Hilton Head Island spent much of the last year involved in storm debris clean-up and repairs associated with Matthew. Evacuations were less than perfect and the re-entry some considered a disaster. It could be years before Hilton Head, its’ residents and visitors experience anything close to the Category 2 storm that destroyed boats, docks, rooftops and uprooted trees. However, we learned a lot and officials are ready if we are met with this type of misfortune again. Hurricane season is not to be feared but respected. Everyone should have an action plan to lessen the impact of a storm. Education with regard to preparedness; boarding up windows, when to evacuate and storm watching can make a huge difference in personal safety and property preservation. Even if risks are low, wind gusts with any tropical storm can bring property damages. Hurricanes are tropical storms that are upgraded into Category 1 status as maximum sustained winds increase to between 74-95 mph.

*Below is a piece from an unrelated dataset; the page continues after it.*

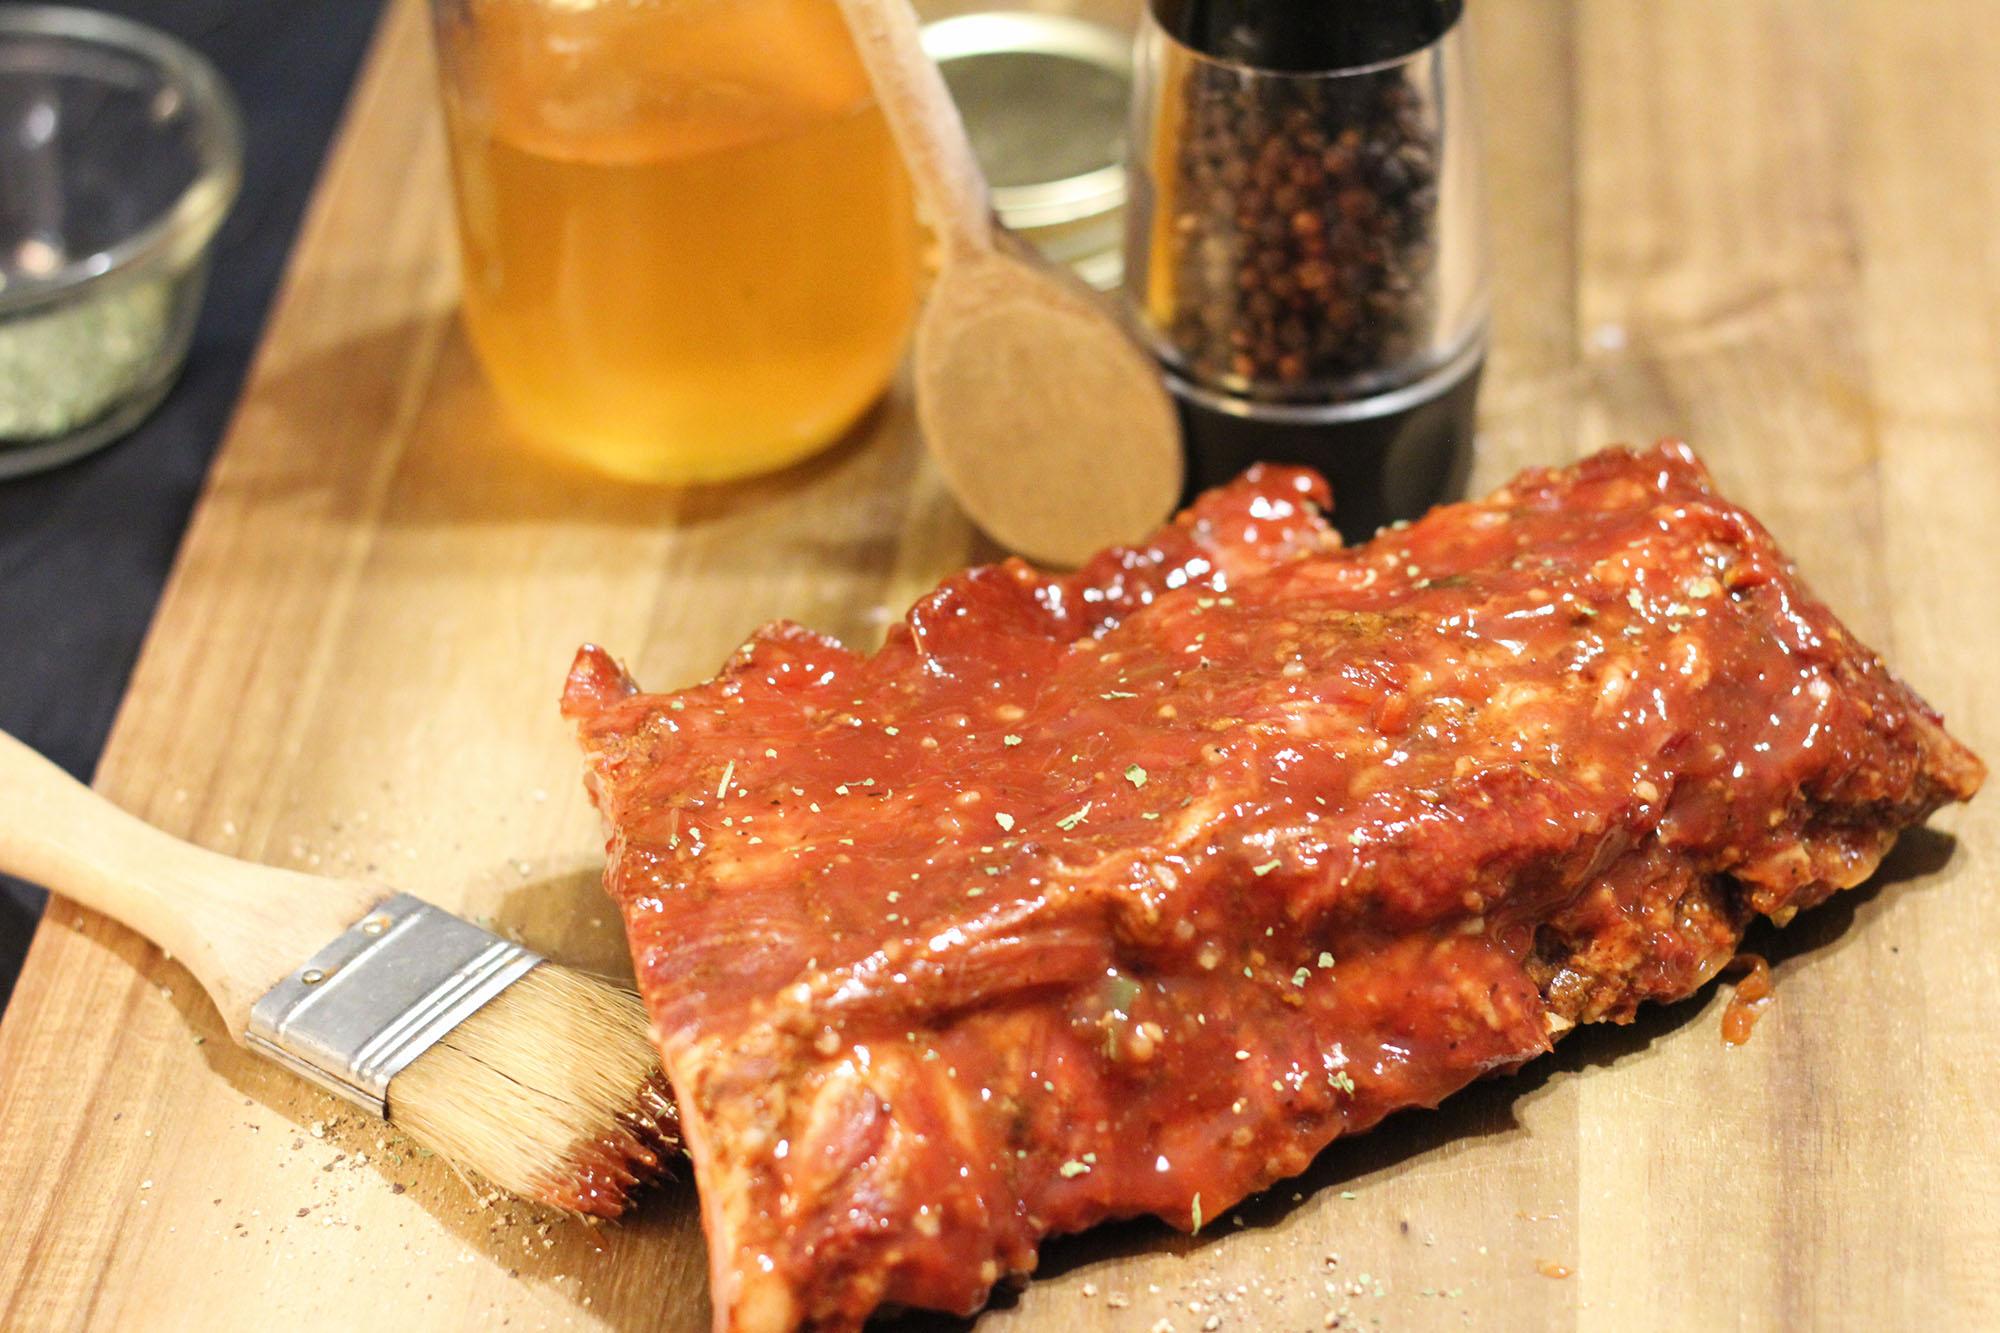 heat and eat ribs.jpg 2

While hurricanes could strike anywhere along the Atlantic seaboard, the coastal areas are extremely vulnerable to flooding. Many of the large cities and beachfronts along the coast are situated only 1-2 meters above sea level. Many say that the S.C. coast has protected Beaufort County from a direct hurricane hit for the last 56 years. Between 1850-2001 24 tropical storms passed through Beaufort County, and of those, only eight were hurricane strength storms. There have been many other storms within 50 miles that have just missed Hilton Head. The typography sets Charleston and North Carolina farther out in the Atlantic and more apt to be in the path of storms. Many weather systems push hurricanes toward the Gulf. While many say the odds of a hurricane hitting Hilton Head are extremely low, some say it comes down to sheer luck and if it has happened before then it will happen again.

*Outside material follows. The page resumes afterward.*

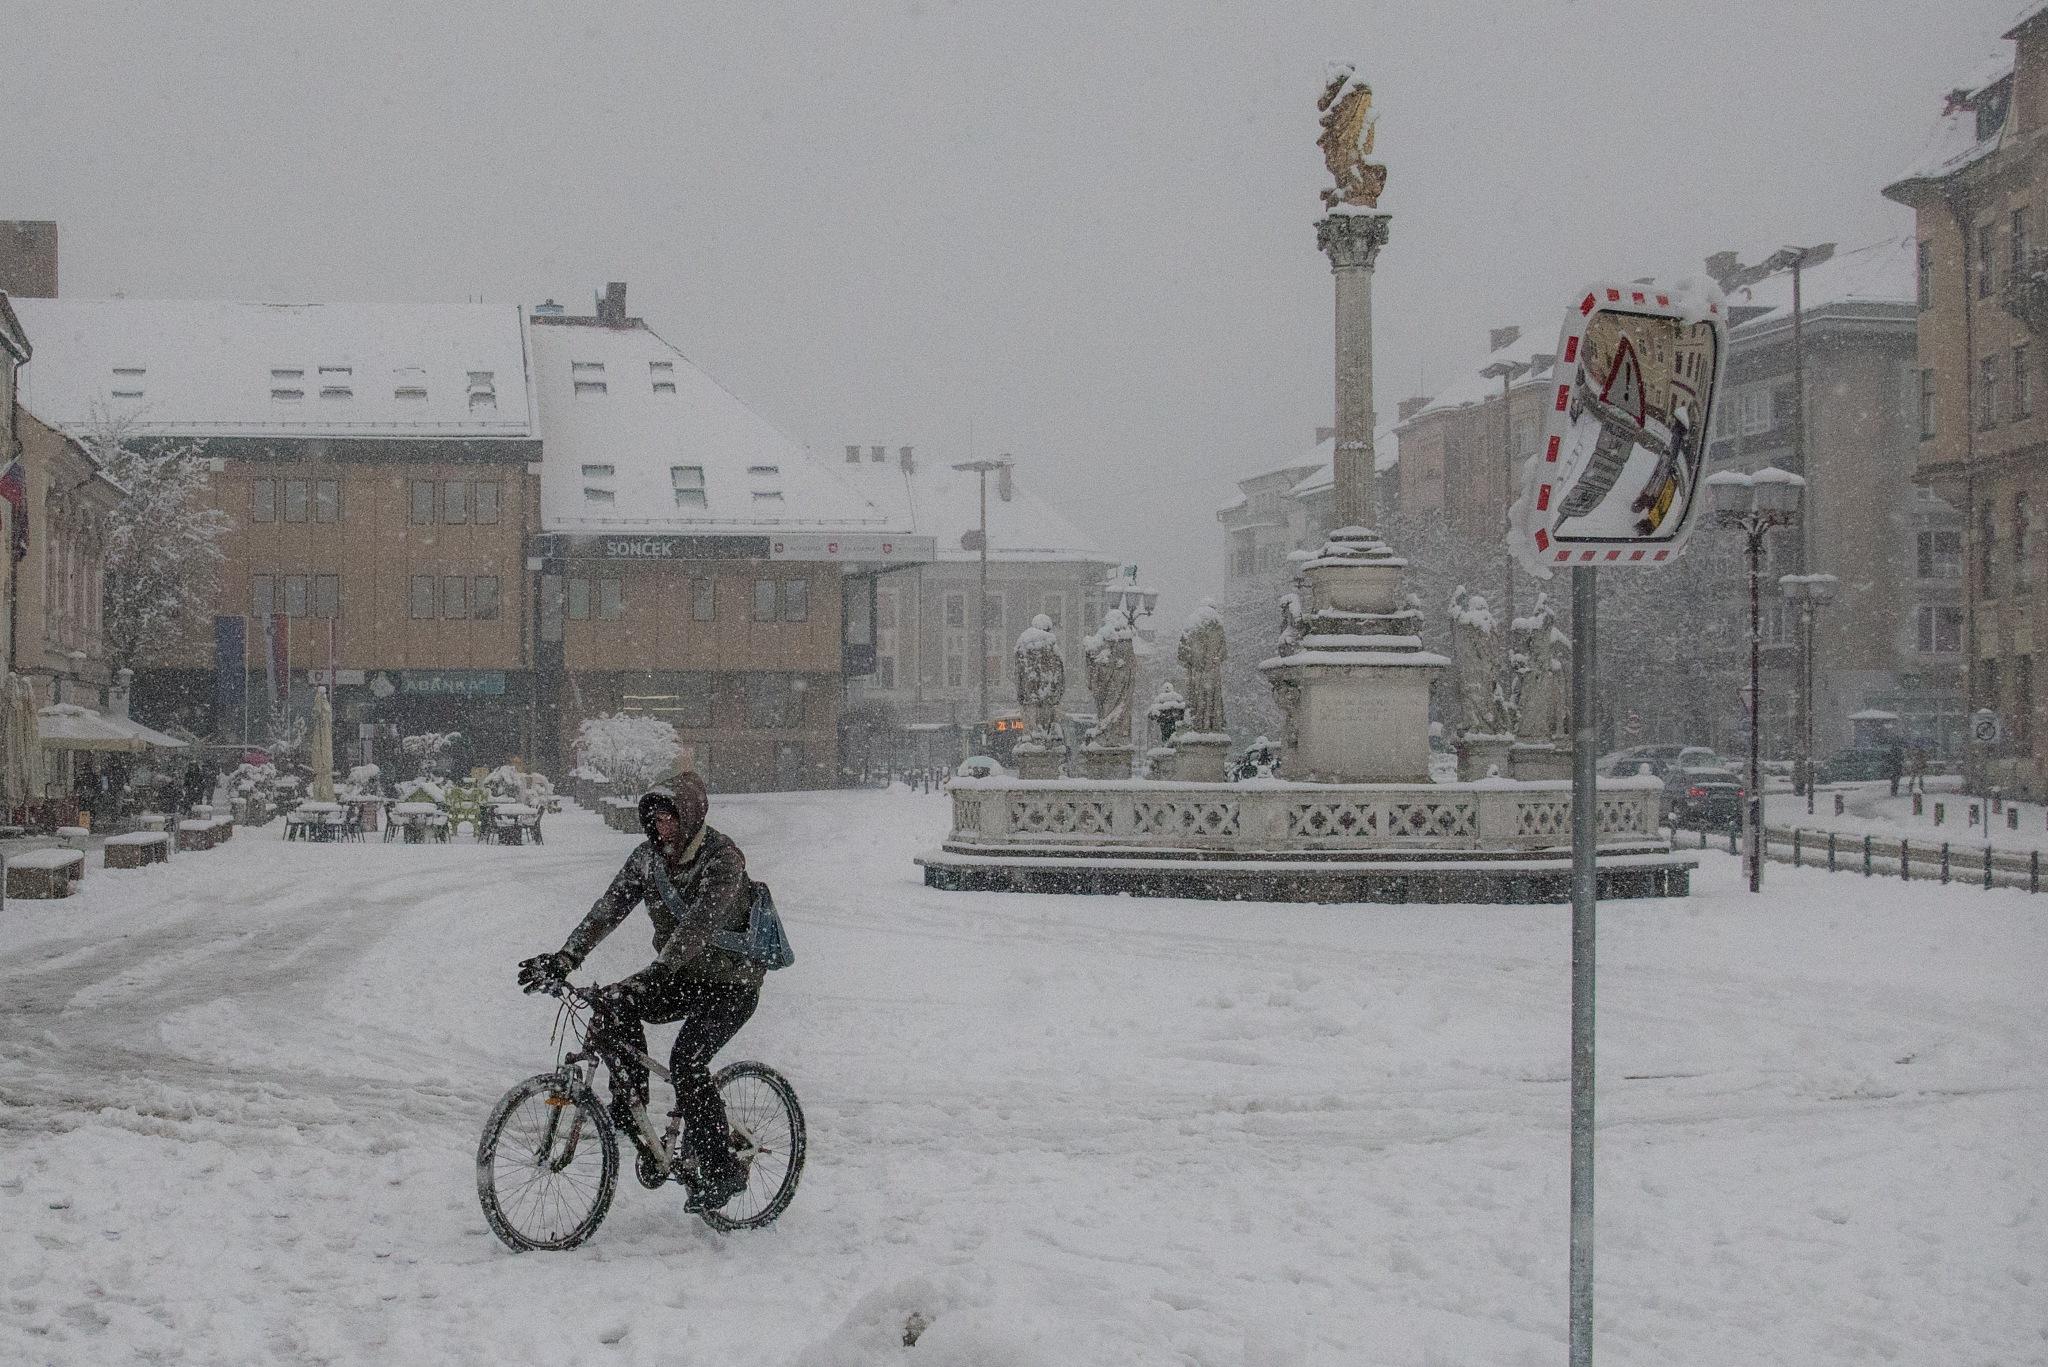 snowing by dusanvladimir

Just as we were getting ready to publish this blog, Hilton Head was again evacuated. This time it was Hurricane Irma who came to visit. While the winds and tree damage did not rival that of Matthew, we got to see firsthand what “storm surge” means. Fortunately, even as Irma veered west, and Hilton Head was no longer “in the cone of uncertainty”, The National Weather Service was able to provide up-to-date and accurate information. This allowed the Governor of South Carolina and the town of Hilton Head to make the decision, once again, evacuate the island. We received a 4-6” storm surge, during a king tide (the highest of the tides for the month). While we did sustain some damage to the Island, it could have been much worse. We were fortunate this time, and will continue to respect Hurricane Season, and take care of our island and its people.